Speaking of The Brady Bunch, they also had one of those “backdoor pilot” episodes, with Ken Berry as a friend of Mike Brady’s, who had adopted three kids of three different races. It likewise never went to series, leaving this bizarre episode where the Bradys step aside to make room for these strangers.
The weirdest moment, for me, is when one of the characters mentions Archie Bunker. A jarring reminder that despite their vast differences in style and level of naivete, The Brady Bunch and All in the Family were contemporaries for about four years.
No, but the locals were completely inept in doing things like installing telephones! (Ever wonder how the Douglases endured Midwestern winters with an entire wall missing from their bedroom? :dubious: )
Michael Richards didn’t appear in 2 episodes of Seinfeld, “The Chinese Restaurant” and “The Pen”. Jason Alexander also didn’t appear in “The Pen”. Julia Louis-Dreyfus didn’t appear in the pilot episode and “The Trip”.
I read a story somewhere that I can’t seem to find that one of them, forgot who but it was one of the guys, was really angry at the writers for not including him in an episode and sorta yelled at them and told them to never leave him out again. Does anyone know who I’m talking about?

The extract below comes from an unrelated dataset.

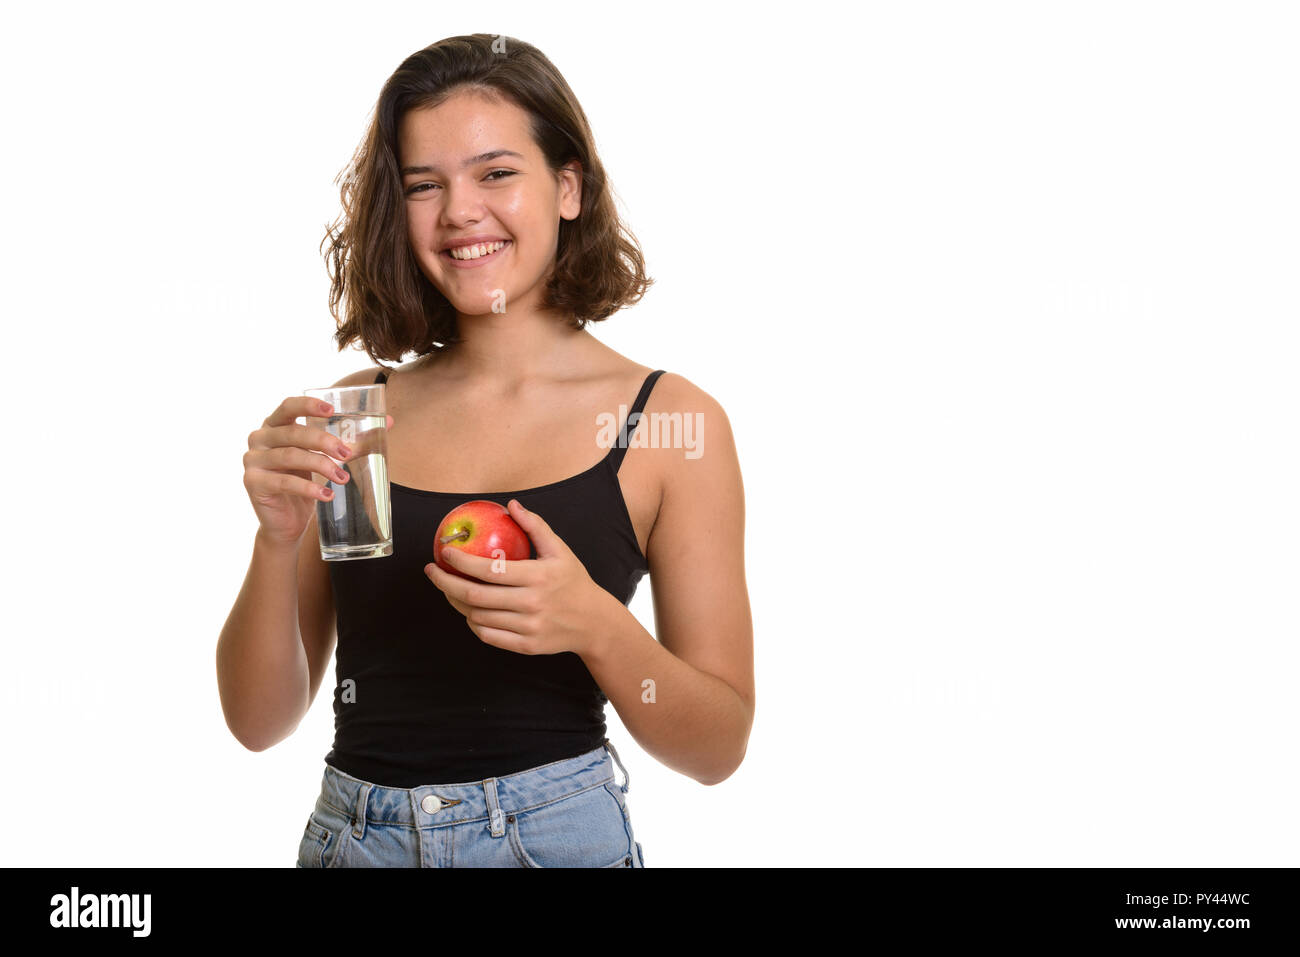 Young happy Caucasian teenage girl smiling while holding glass o Stock Photo
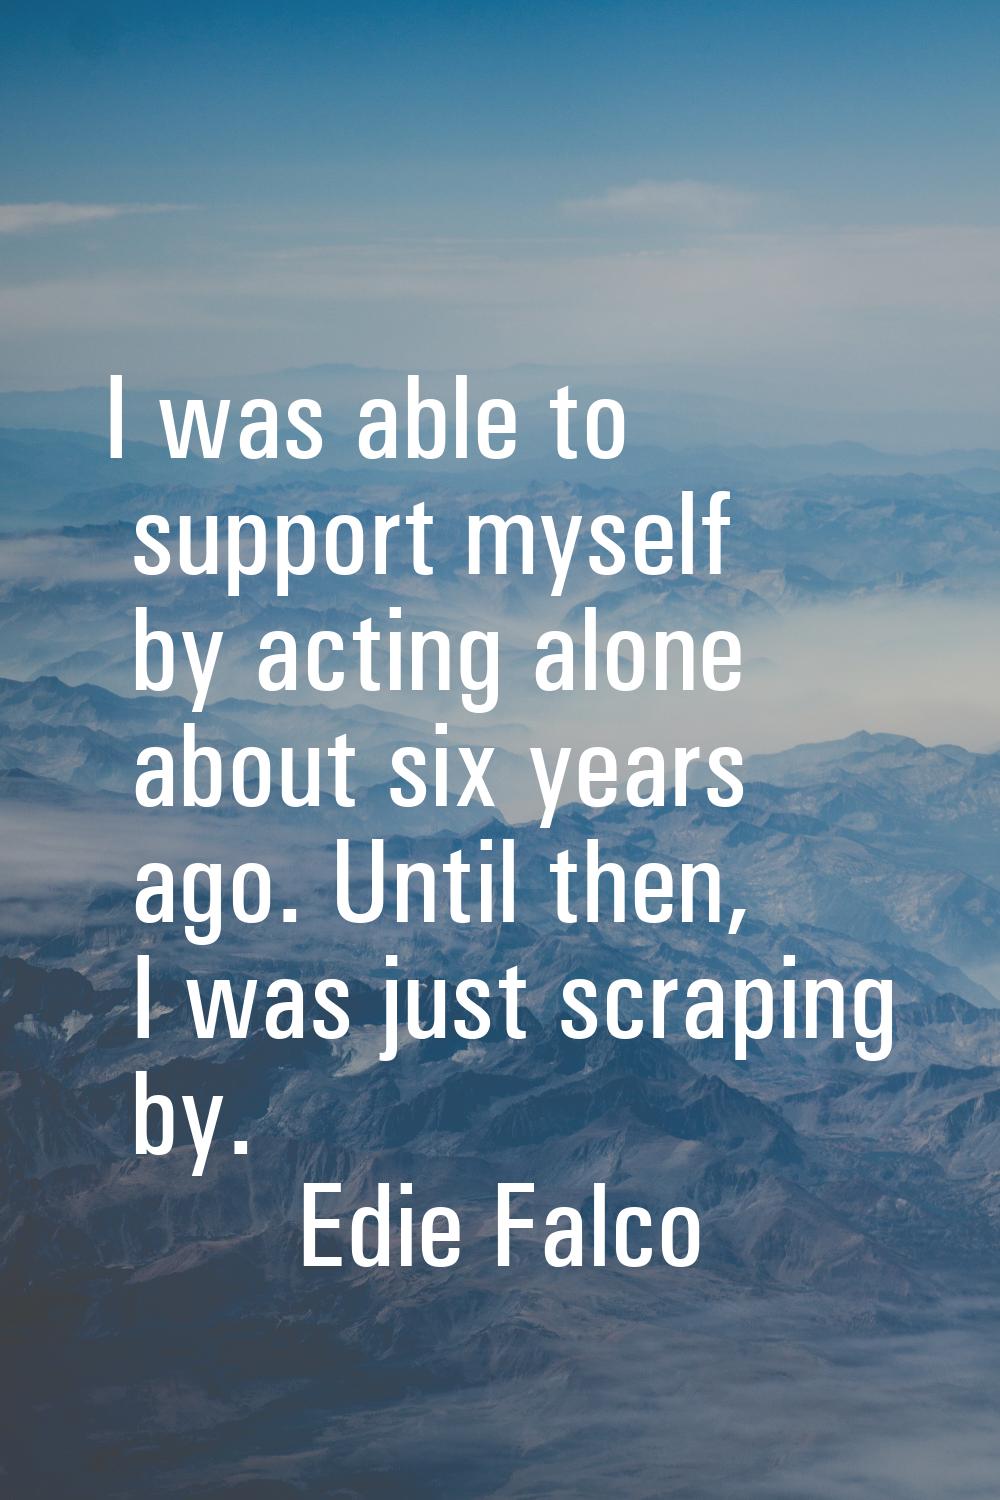 I was able to support myself by acting alone about six years ago. Until then, I was just scraping b

The Dick Tracy Show was an entire series where the main character only appeared in cameos. They started out with Dick Tracy saying, “OK, Chief. I’ll get on it right away,” then calling one of his detectives, who would then go out on the case. At a certain point, the detective would say “Hold everything” (forcing everything to freeze, including bullets in flight) and call Tracy, who would have a line or two. Then, at the end of the show, Tracy would call the detective to tell him “good job.” He had less than a minute of screen time and no more than five lines per episode.